The less obvious explanations arise from what had been happening in Chris’s life over the months leading up to this crisis. Despite the vitamin support that had worked so well for him before, during and after he stopped his medications, something scary was now happening. He dropped his classes, stopped his voice lessons, rambled frequently off-topic, and tested the patience of his family and friends alike. It had all the hallmarks of a return of his psychosis. Did I mention he was angry? He started to express anger for the first time in his life. He scraped the flesh off his knuckles by driving his fist so hard into the wall.

Chris has yet to offer a definitive explanation as to why this recent crisis has happened. He does say he truly missed his younger brother Taylor, who went away to university about the same time that Chris started to change. My husband and I say that we pushed him too hard to think about returning to university full time. Our expectations likely frightened him. Other people had expectations, too. Chris’s voice teacher encouraged him to fulfill his considerable potential as a vocalist. I believe that Chris is struggling with the implications of what it means to become well.
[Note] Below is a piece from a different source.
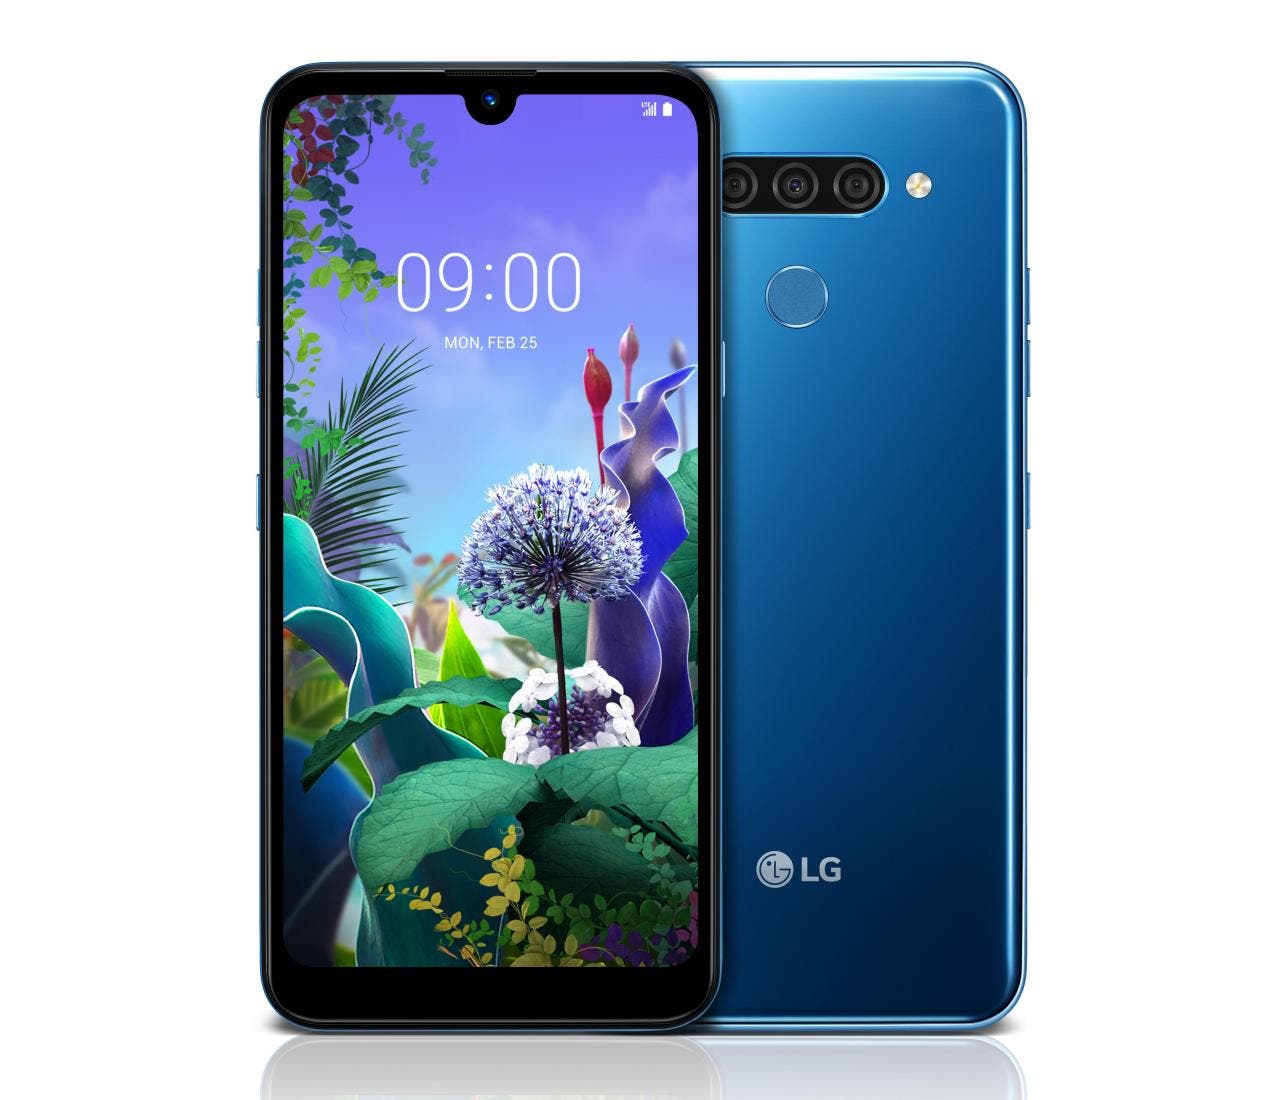 LG unveils three new mid-range phones ahead of Mobile World Congress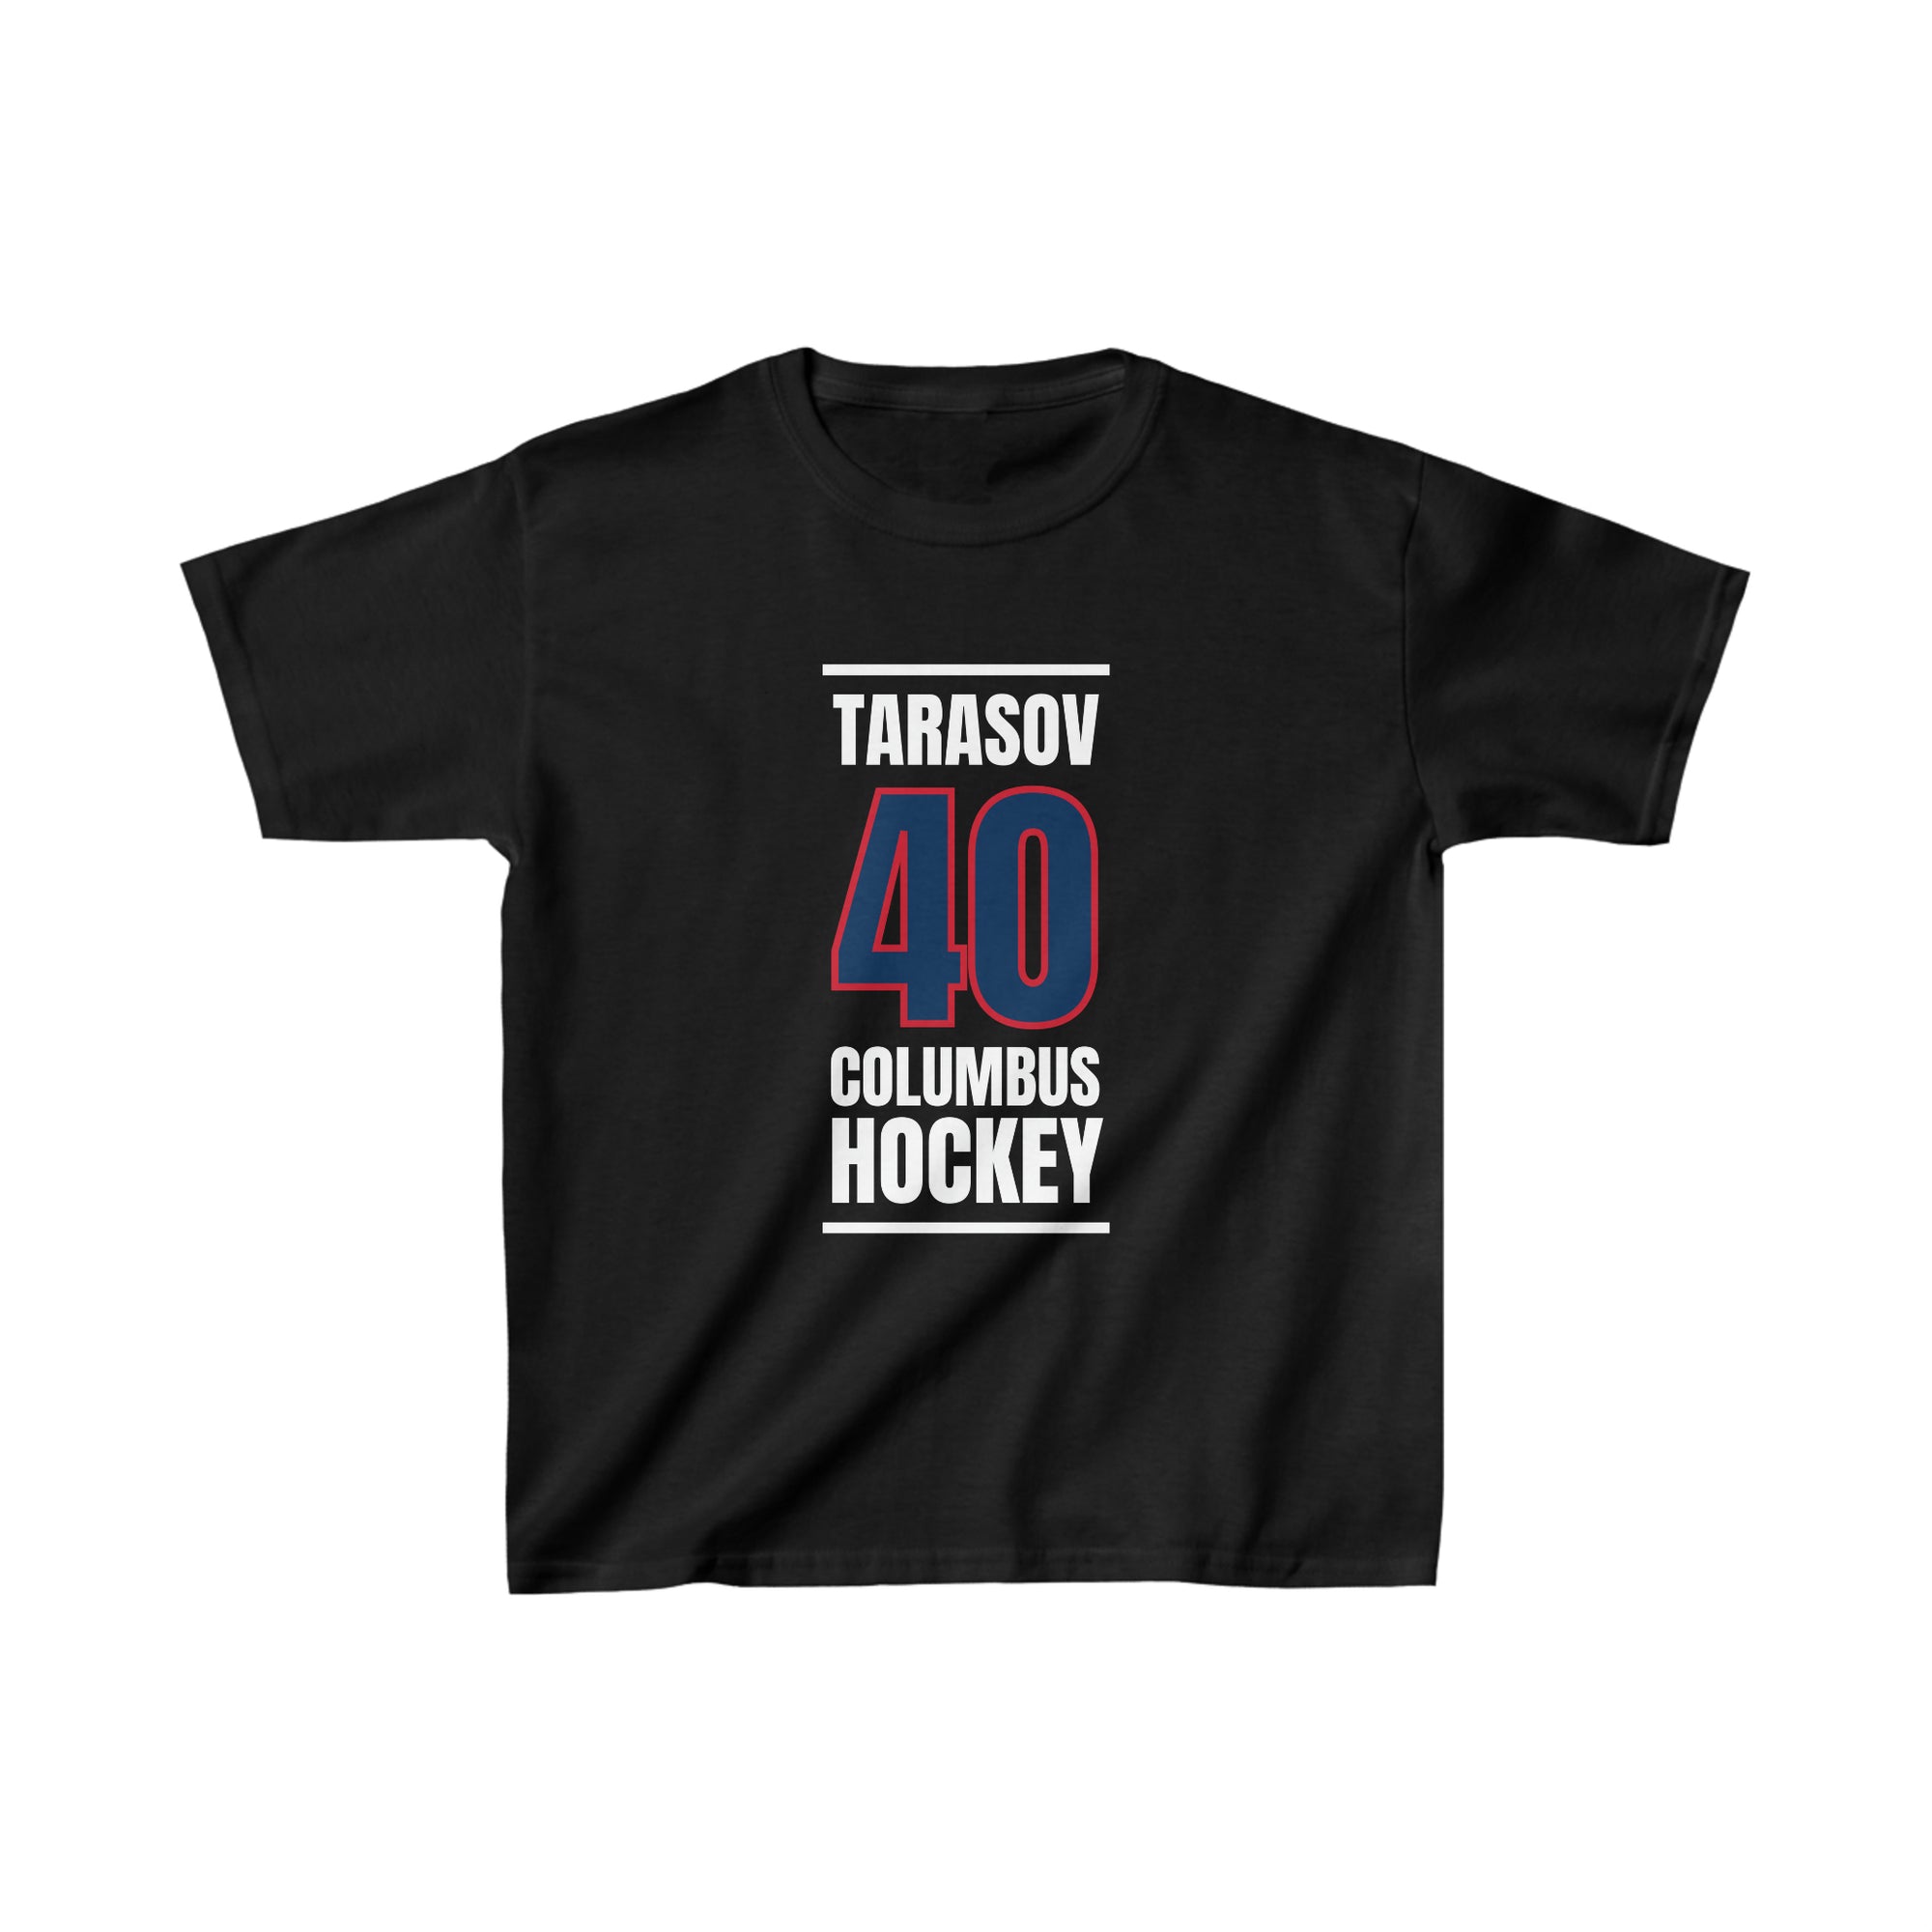 Tarasov 40 Columbus Hockey Union Blue Vertical Design Kids Tee

I remain convinced that this crisis is a necessary passage for Chris. He is on a more solid platform this time around and will continue to grow in health, thanks to the following:

1. Orthomolecular medicine
2. Medication, when necessary, in low doses and for short duration
3. Energy medicine/EFT/Visualizations
4. Assemblage Point shift and shamanic rituals
5. Magnetic therapy
6. Cathartic psychotherapies/e.g. Family Constellation Therapy
7. The Alexander Technique (not a therapy in the standard sense)
8. The Tomatis Method
9. Psychoacoustics and bioharmonic resonance
10. Time and understanding

In the coming days I will discuss these interventions and more.